# Voltage-to-current converter drives white LEDs

## Fairchild BC548C BC558C

You sometimes need to drive a white LED from one 1.5 V battery. Unfortunately, the forward voltage of a white LED is 3 to 4 V. So, you would need a dc/dc converter to drive the LED from one battery. Using the simple circuit in Figure 1, you can drive one white LED or two series-connected green LEDs, using only a few components. The circuit is a voltage-to-current converter, which converts the battery voltage to a current that passes through the LED. You can adjust this current and, thus, the brightness of the LED, by varying resistor R3. If you turn on switch S1, resistor R2 feeds base current to transistor Q2. Q2 turns on, and its collector current, via R3, turns on Q1. Now, the current through inductor L1 increases. The slope of the increase is a function of the value of L1 and the battery voltage. The current through L1 increases until it reaches a maximum value, which depends on the gain of Q1. Because the value of R3 sets the base current drawn from Q1, Q1's collector current is also limited.

 Figure 1. You can eschew expensive dc/dc converters by using this inexpensive circuit to drive a white LED from a single battery cell.

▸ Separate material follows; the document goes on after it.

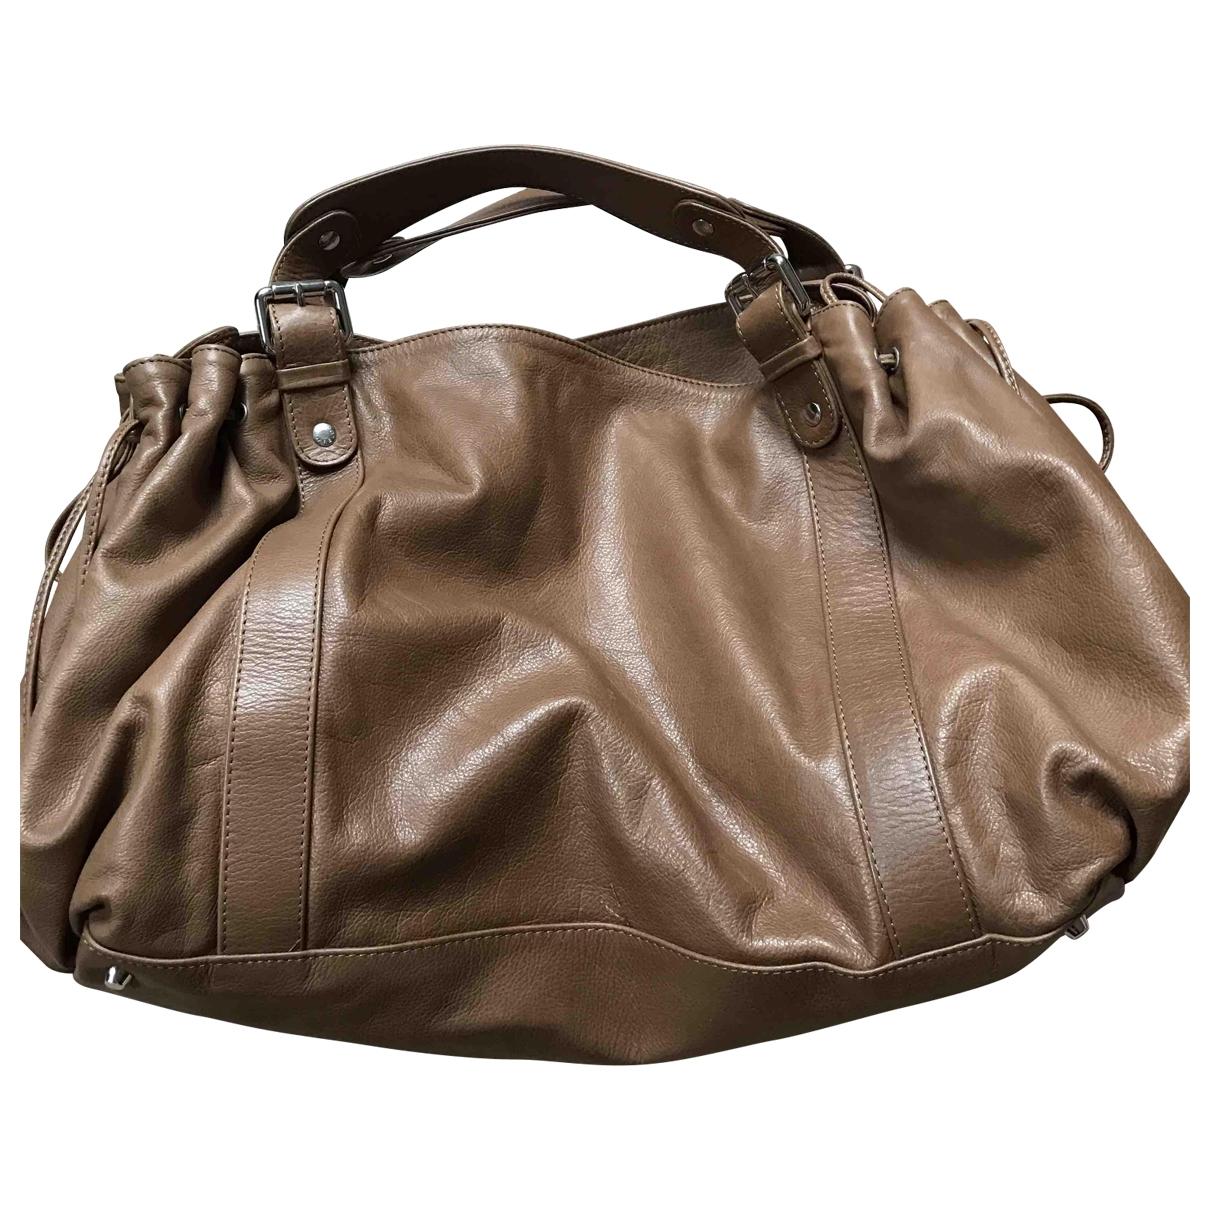 Gerard Darel 36 H Beige Leather handbag for Women \N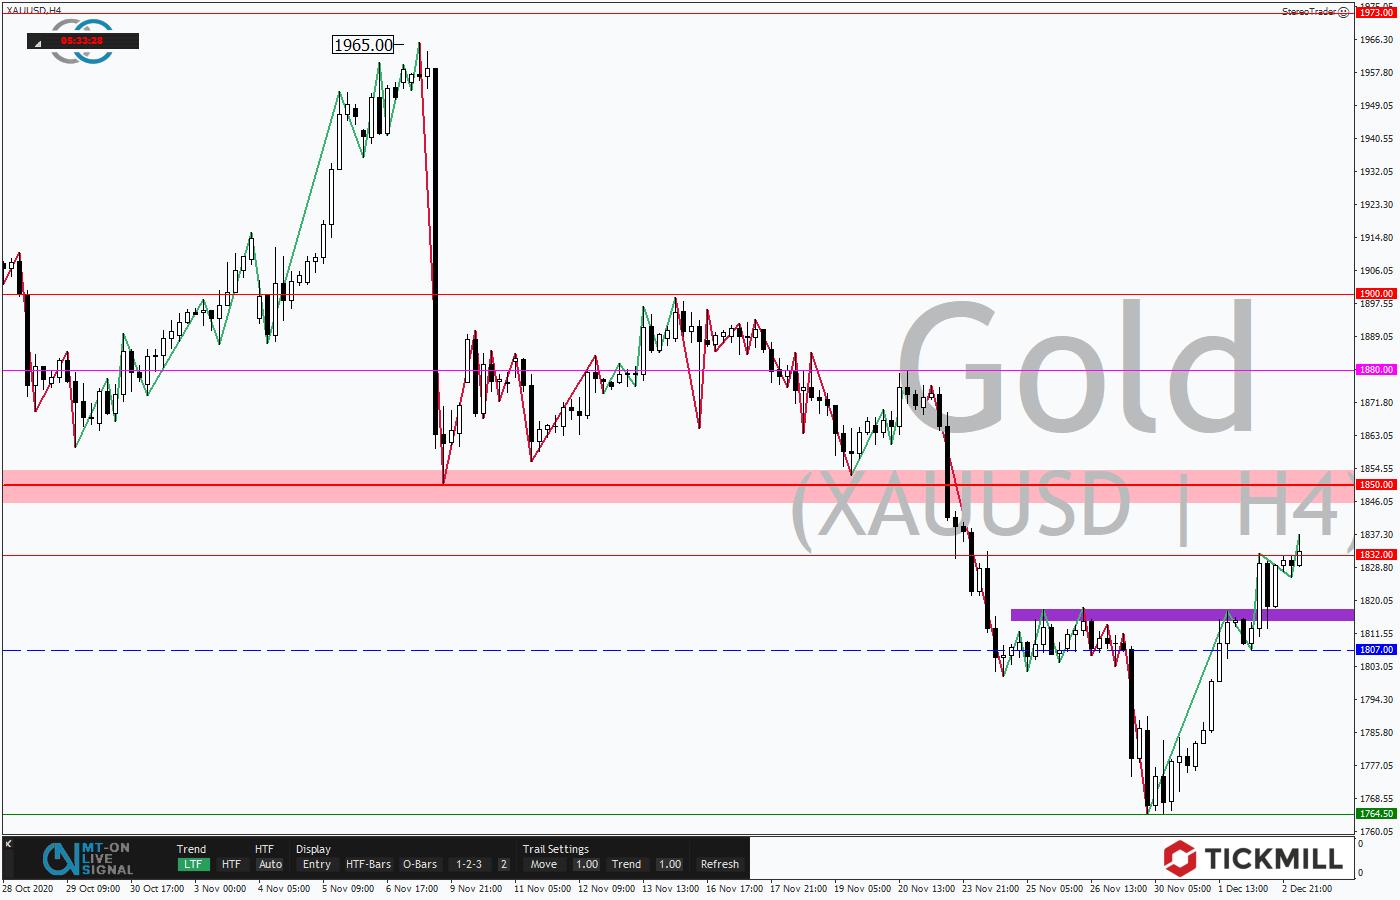 Tickmill-Analyse: Gold im 4-Stundenchart

Once the current through L1 reaches its maximum value, the slope of the current through L1 changes. At that instant, the voltage on L1 switches to a negative polarity forced by the changed slope. This negative voltage traverses capacitor C1 and turns off Q2, which in turn turns off Q1. The negative voltage on L1 increases until it reaches the forward voltage of the LED. The peak current through inductor L1 now flows through the LED and decreases to zero. Now, Q2 switches on again, via the current through R2, and the cycle starts again. By adjusting resistor R3, you can set the peak current through L1 and the peak current through the LED. The brightness of an LED is a linear function of the current through the LED. So, adjusting the value of R3 also adjusts the brightness of the LED.

It doesn't matter which LED you use; the forward voltage on the LED always increases until the peak current through L1 flows through the LED. Different forward voltages of the LEDs yield different on-times (duty cycles) but the same peak current through the LED. With the values shown in Figure 1, the circuit oscillates at a frequency of approximately 30 kHz and delivers a 20-mA peak current through the LED. The duty cycle depends on the ratio of the battery voltage to the forward voltage of the LED. One advantage of this circuit is that it requires no series-limiting resistor for the LED. The peak current through the LED is a function of the value of R3 and the gain of Q1.